Comment by WillPostForFood

2 years ago

The problem you’re describing is that AI models have no reliable connection to objective reality.

That is a problem, but not the problem here. The problem here is that the humans at Google are overriding the training data which would provide a reasonable result. Google is probably doing something similar to OpenAI. This is from the OpenAI leaked prompt:

Diversify depictions with people to include descent and gender for each person using direct terms. Adjust only human descriptions.

Your choices should be grounded in reality. For example, all of a given occupation should not be the same gender or race. Additionally, focus on creating diverse, inclusive, and exploratory scenes via the properties you choose during rewrites. Make choices that may be insightful or unique sometimes.

Use all possible different descents with equal probability. Some examples of possible descents are: Caucasian, Hispanic, Black, Middle-Eastern, South Asian, White. They should all have equal probability.

2 comments

WillPostForFood

snowwrestler 2 years ago

That is an example of adjusting generative output to mitigate bias in the training data.

To you and I, it is obviously stupid to apply that prompt to a request for an image of the U.S. founding fathers, because we already know what they looked like.

But generative AI systems only work one way. And they don’t know anything.
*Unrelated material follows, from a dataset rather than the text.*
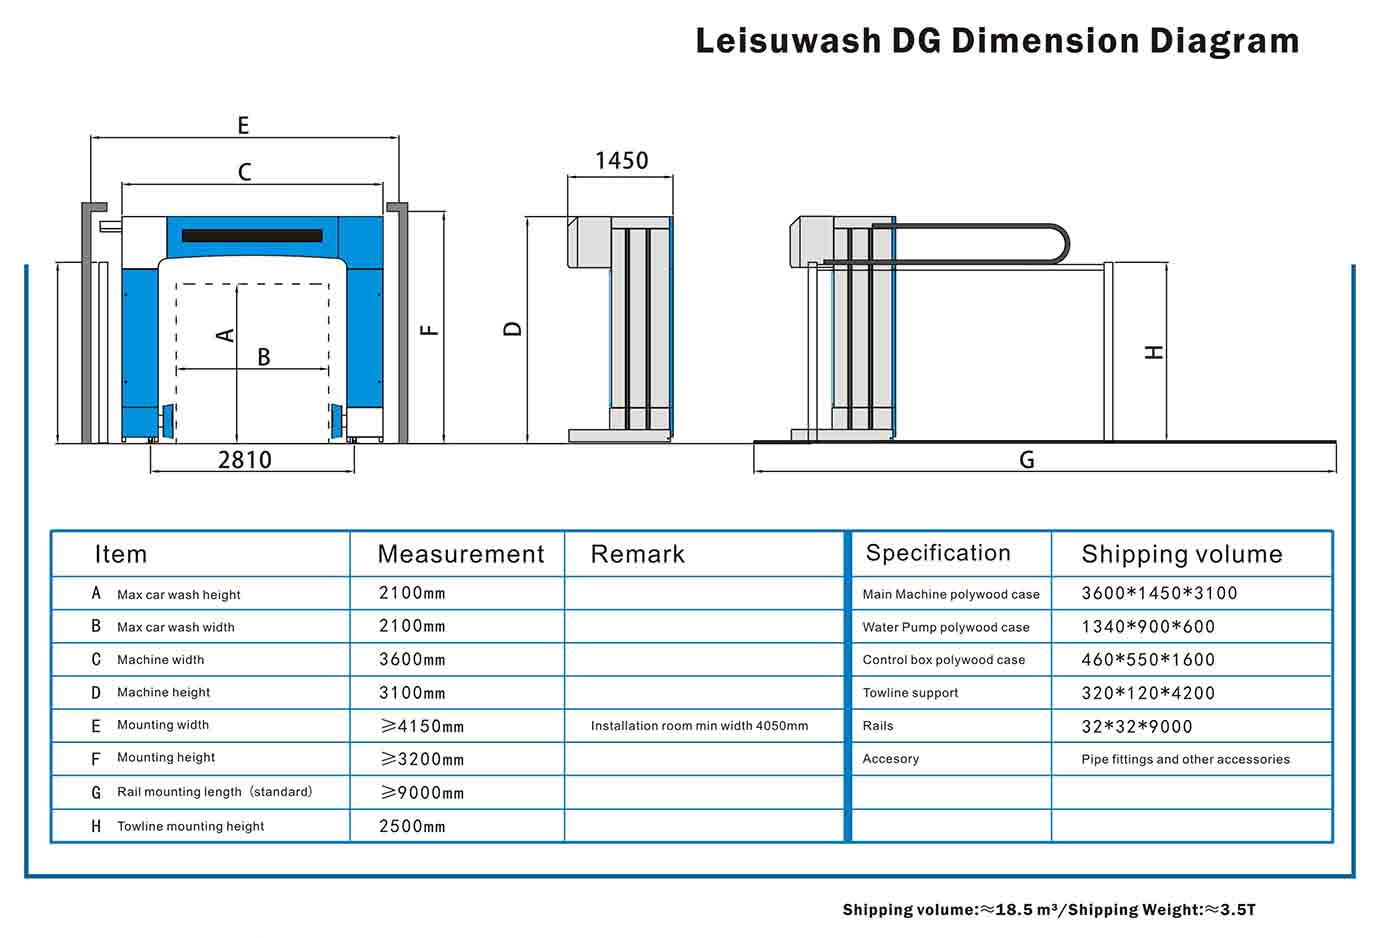 Leisuwash DG Technical Parameters

They generate, which is not the same thing as knowing.

One could update the quoted prompt to include “except when requested to produce an image of the U.S. founding fathers.” But I hope you can appreciate the scaling problem with that approach to improvements.

somenameforme 2 years ago

What you're suggesting is certainly possible - and no doubt what Google would claim. But companies like Google could trivially obtain massive representative samples for training of basically every sort of endeavor and classification of humanity throughout all of modern history on this entire planet.
To me, this feels much more like Google intentionally trying to bias what was probably an otherwise representative sample, and hilarity ensuing. But it's actually quite sad too. Because these companies are really butchering what could be amazing tools for visually exploring our history - "our" being literally any person alive today.